Il 25 settembre di Giorgia Meloni

Aggiornamento: 27 set 2023

di Menandro

"Il 25 settembre di un anno fa dagli italiani arrivava una indicazione chiara: un governo di centrodestra a guida Fratelli d'Italia. Abbiamo dato il massimo per raggiungere la vittoria, consapevoli che quella non sarebbe stata un punto d'arrivo ma un punto di partenza. A distanza di un anno non mi sento di fare ancora bilanci, quello spetta ai cittadini. Ma una cosa la posso dire: avevo promesso di consegnare un'Italia migliore di come l'avevo ricevuta e posso affermare che oggi la nostra Nazione è più credibile, stabile e ascoltata".
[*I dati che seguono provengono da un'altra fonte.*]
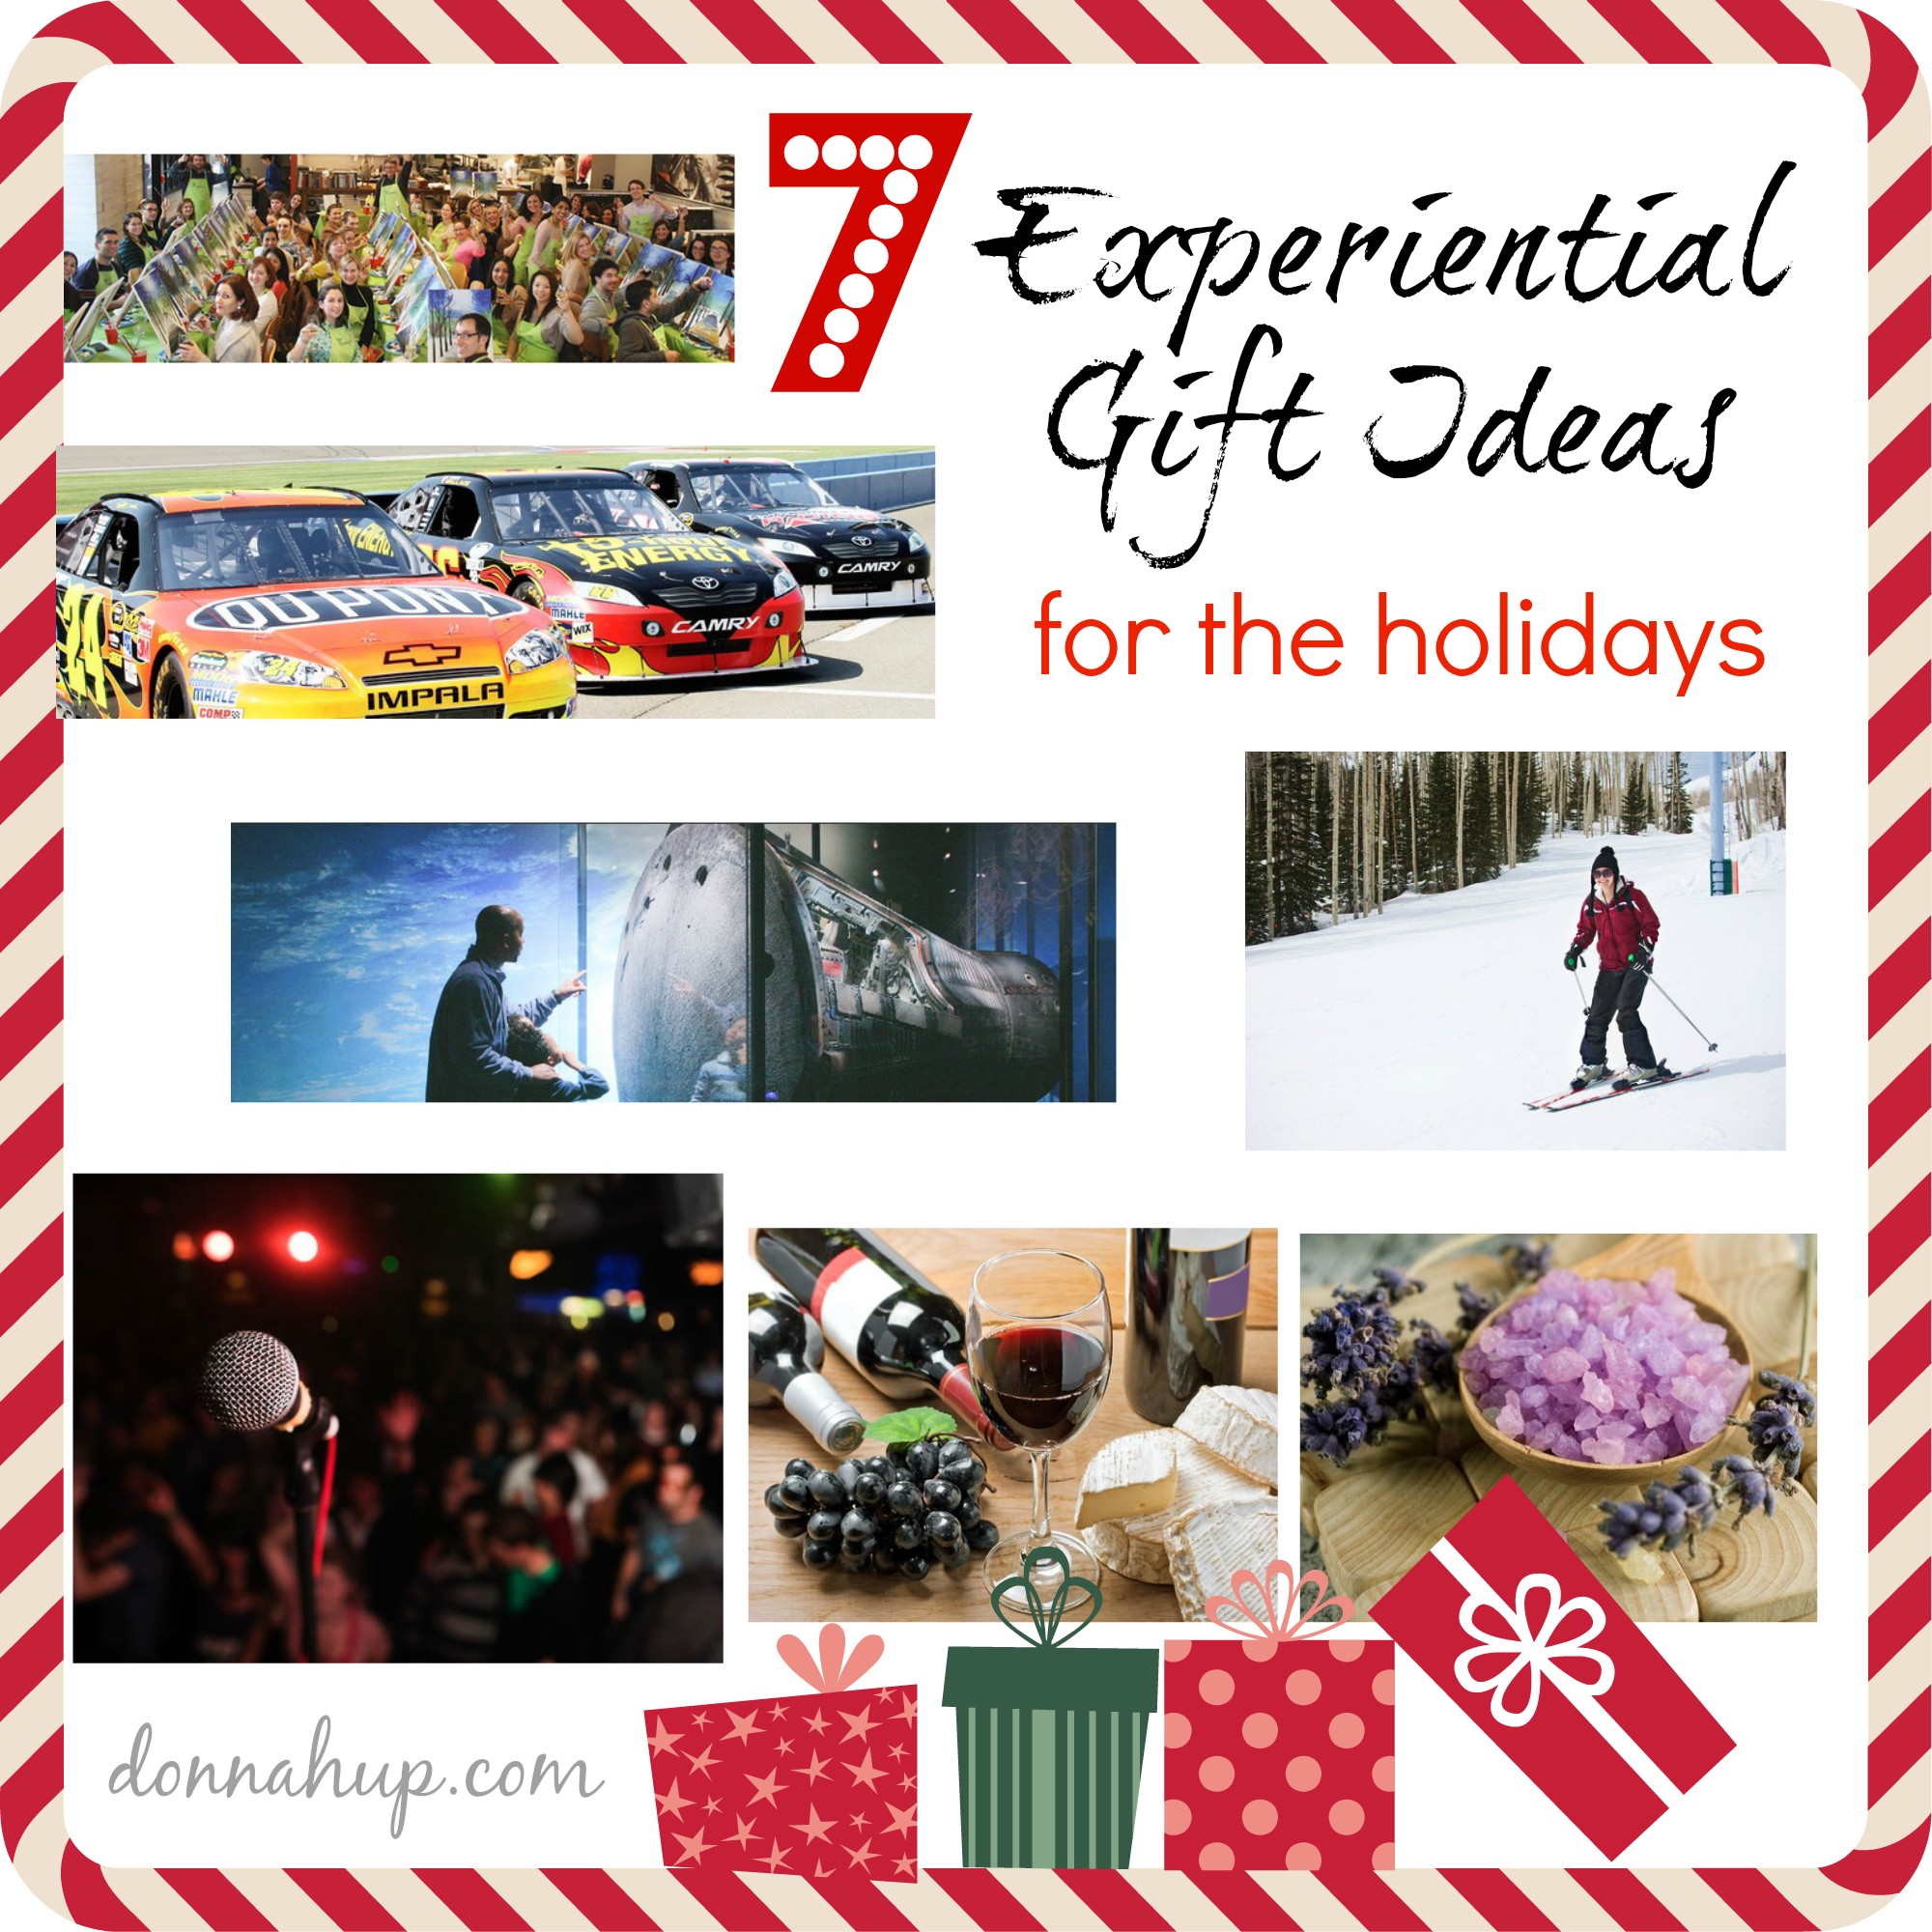 7 Experiential Gift Ideas for the Holidays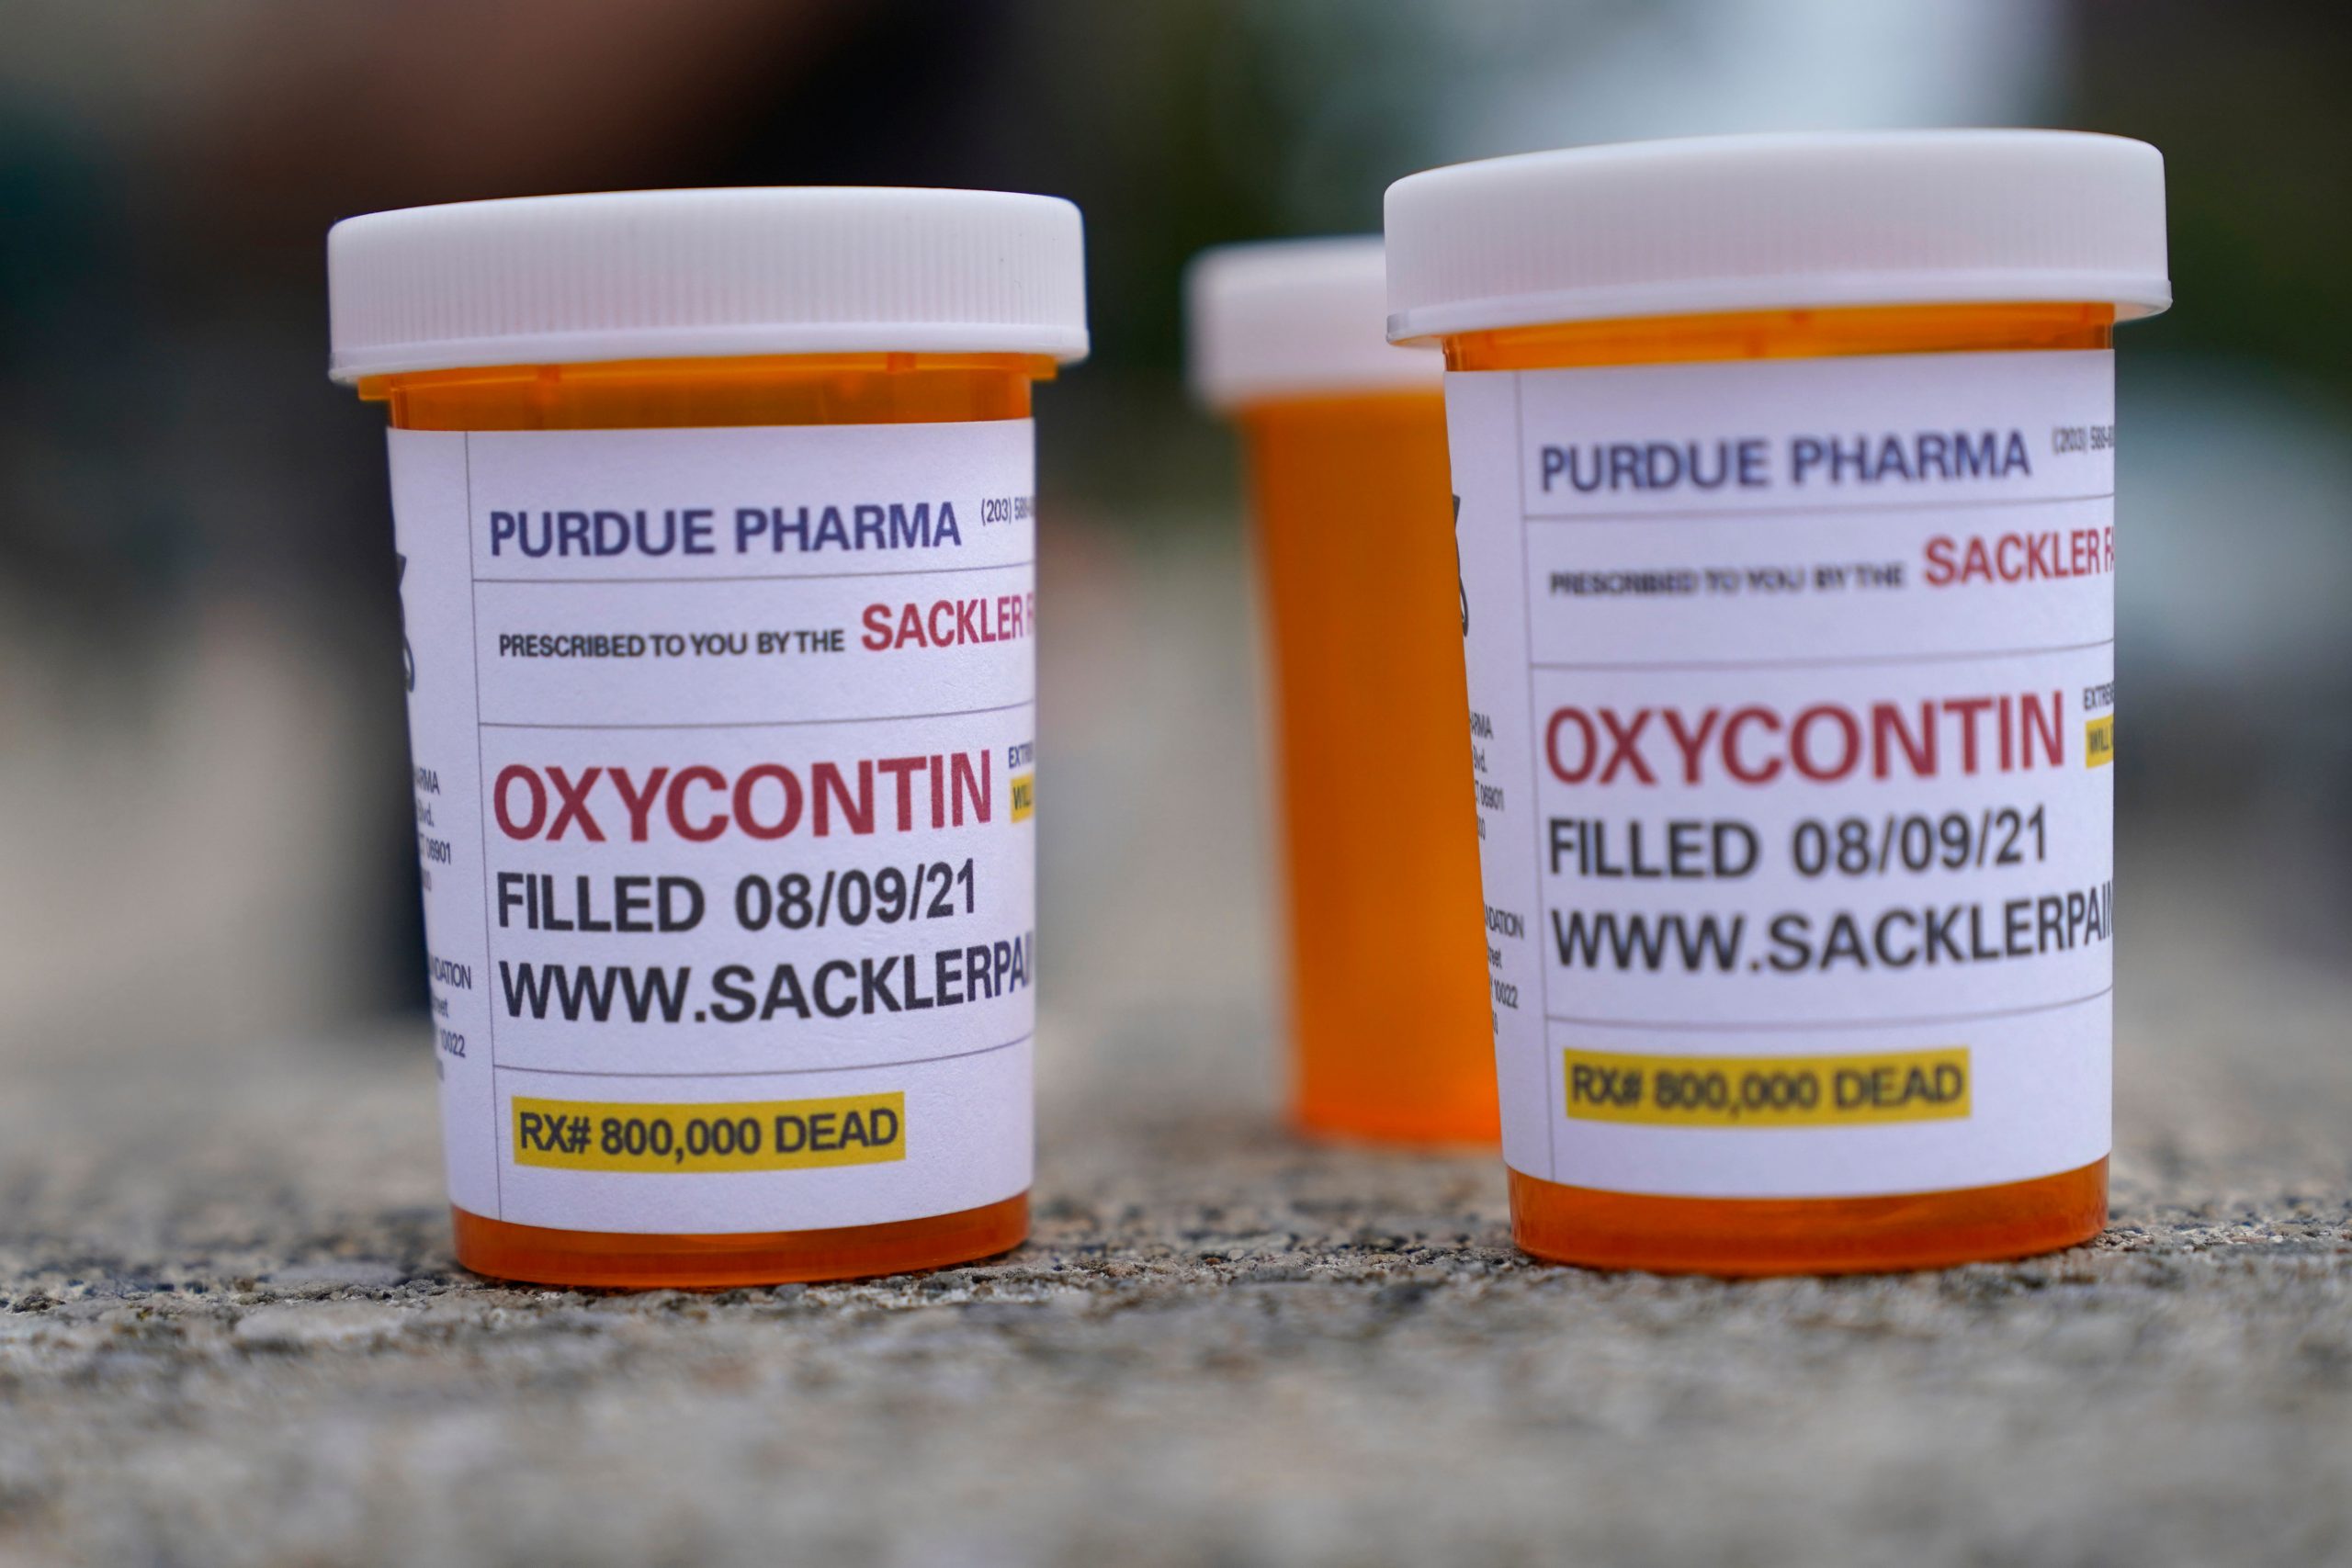 Judge gives conditional approval to Purdue Pharma opioid settlement

A scriverlo, ieri, è la presidente del Consiglio Giorgia Meloni. E gli italiani non potranno che essere soddisfatti del suo convincimento. A volte, edulcorare la realtà aiuta a vivere meglio. Nel caso della presidente Giorgia Meloni c'è la convinzione di avere reso la nostra nazione più credibile, stabile e ascoltata.

Ora, è sotto gli occhi di tutti che la situazione vera, nonostante i sorrisi, i baci, le occhiate compiaciute che la presidente del Consiglio dispensa nelle occasioni pubbliche ai pasdaran di corte, che prontamente ricambiano con le ola d'ordinanza, mostra più di una slabbratura. E sono pieghe rovesciate color sangue che inducono a suggerire, cautamente sia chiaro, qualche riserva sulla superiore credibilità acquisita rispetto al 26 settembre 2022.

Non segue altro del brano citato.